Caroppo et al. [8] introduced a deep transfer learning method for bleeding detection. In the introduced method the features were extracted from three CNN models, including ResNet50, InceptionV3, and VGG19. Then, a supervised machine learning method classified features into normal and bleeding classes. Another bleeding detection method was introduced by Hajabdollahi et al. in Ref. [20]. In this method, at first, the informative components in different color spaces were recognized. Then, a simpified structure of CNN was used for the detection process. The simplification was done by using simultaneous quantization and pruning methods. In the result section, we compare our method with these three bleeding detection methods. In [33] also a deep transfer learning method was used to detect bleeding frames in WCE images. In this method in Xception pre-trained model the fully connected layer was removed and it was replaced with layers that is compatible with the number of existed classes. Then network is learned with a faster learning rate in the new layers and very slow learning rate in the remaining layers.

Different computer-aided methods investigated AD lesions. Deeba et al. [15] introduced a saliency map-based method to detect AD lesions. The saliency map combine a color distinctness map and a pattern distinctness map. The color map was the logarithmic ratio of the red component with respect to the green component in RGB color mode. The pattern map also was acquired by computing the distance of all overlapping patches with the average patches in the image. The accuracy of this method was considerable on a dataset with 3602 images, but this method just could be used for lesions like AD that has red color. While our method is capable to detect lesions with different colors.

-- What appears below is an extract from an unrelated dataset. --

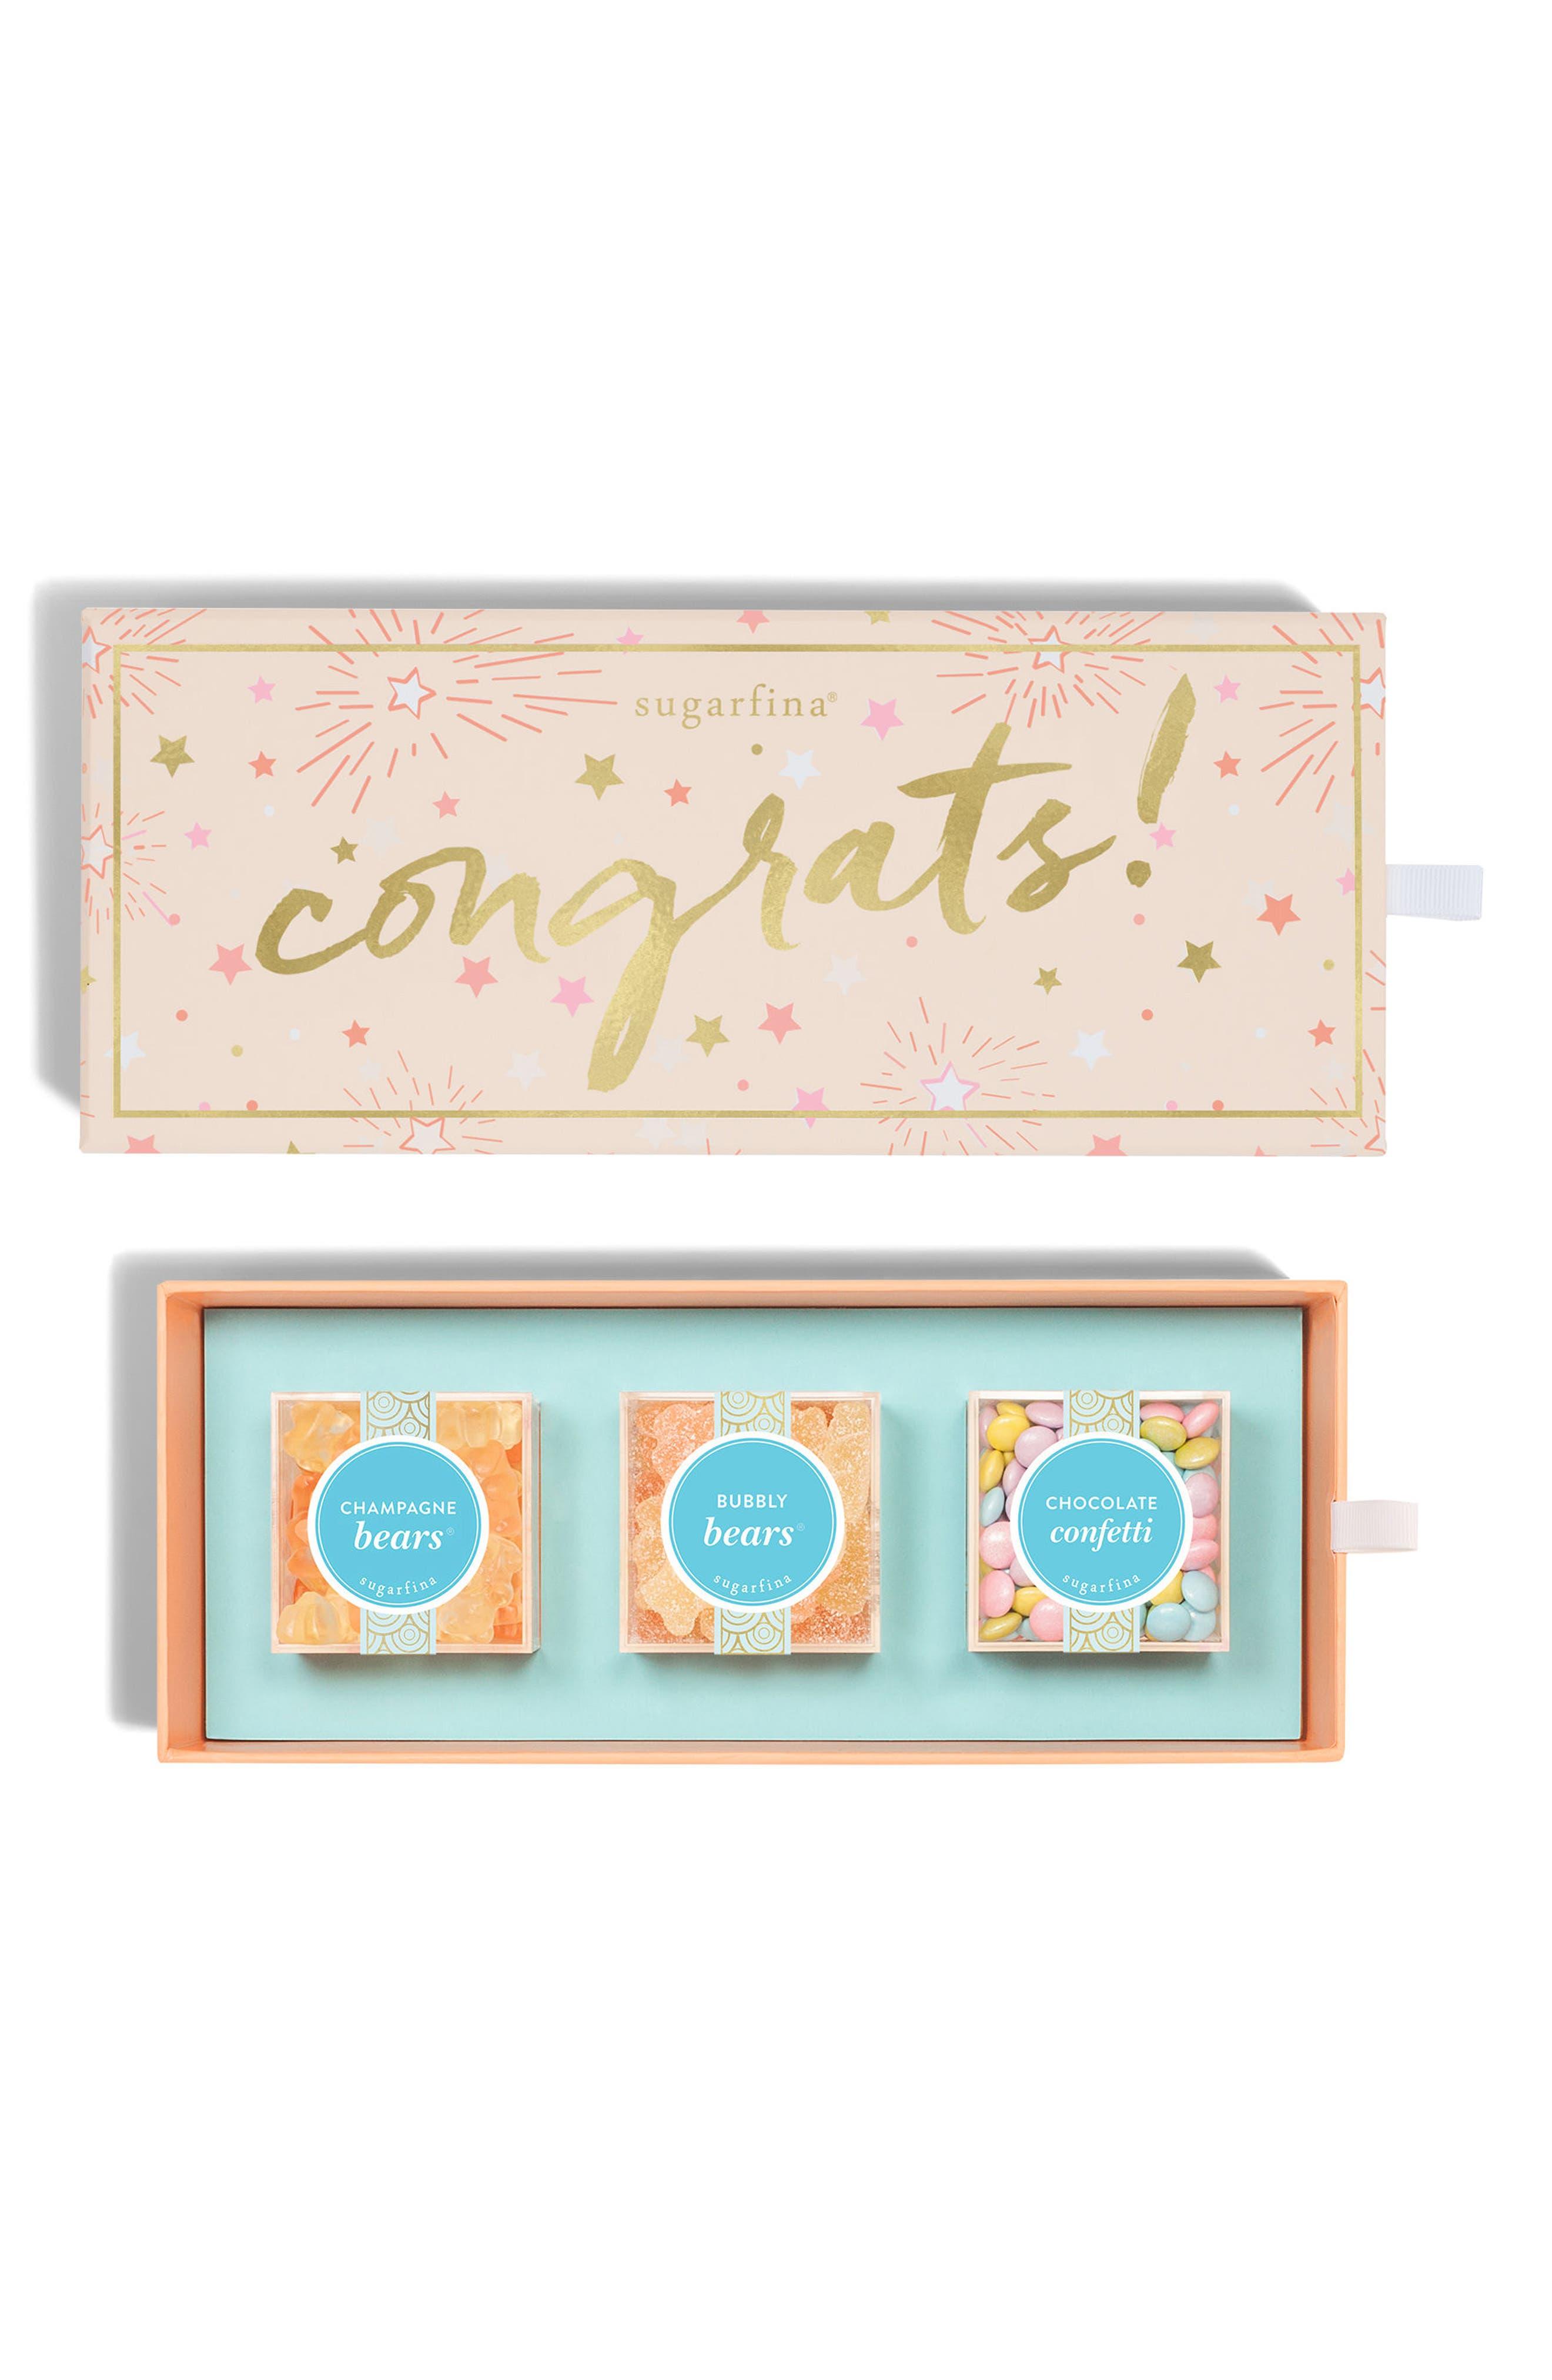 sugarfina Congrats 3-Piece Candy Bento Box

In Fonseca et al. [17] method also transfer learning method was used to classify WCE into normal or abnormal classes containing three different abnormalities (Angiectasia, Blood-Fresh, and Polyp). In this method, the features vector was extracted from the deepest layer of the pre-trained CNN model and then the focal loss function was used for binary classification. In our recent work [7], we introduced a method for bleeding and AD lesion detection. In the method, firstly, the ROI was extracted by EM algorithm, then, color features based on histogram and statistical properties were extracted from ROI, finally, multilayer perceptron was used to classify WCE images. In this work, we were limited to detecting red lesions. The present study has been developed with respect to our recent work [7] in several aspects in order to detect lesions with different colors and textures. EM algorithm is developed to extract lesions with distinct colors and textures and is not limited to red lesions. Also, we proposed a fast method for EM initialization. Furthermore, we extend the color histogram-based features that reveal unexpected red color changes in background to revels the color change of the lesions that is used in present study.

4 Proposed Method

In this research, a novel method is proposed to detect the most common abnormalities in WCE images, including ulcer, bleeding, AD, LH, and polyp. The main steps of the proposed method are shown in Fig. 3. Each of these steps will be described below.

4.1 Preprocessing

Some information is reported in the boundary area of WCE images. In the preprocessing step, a circular mask is applied to the image for eliminating these texts that can affect the detection process. In Fig. 4, the process of eliminating these texts in a frame margin is shown. In the considered mask, each pixel inside the circle has a value of one, and outside the circle has a value of zero. This mask is multiplied in the original image. As a result, the values inside the circle will be the values of the original image, and the values outside the circle will be zero.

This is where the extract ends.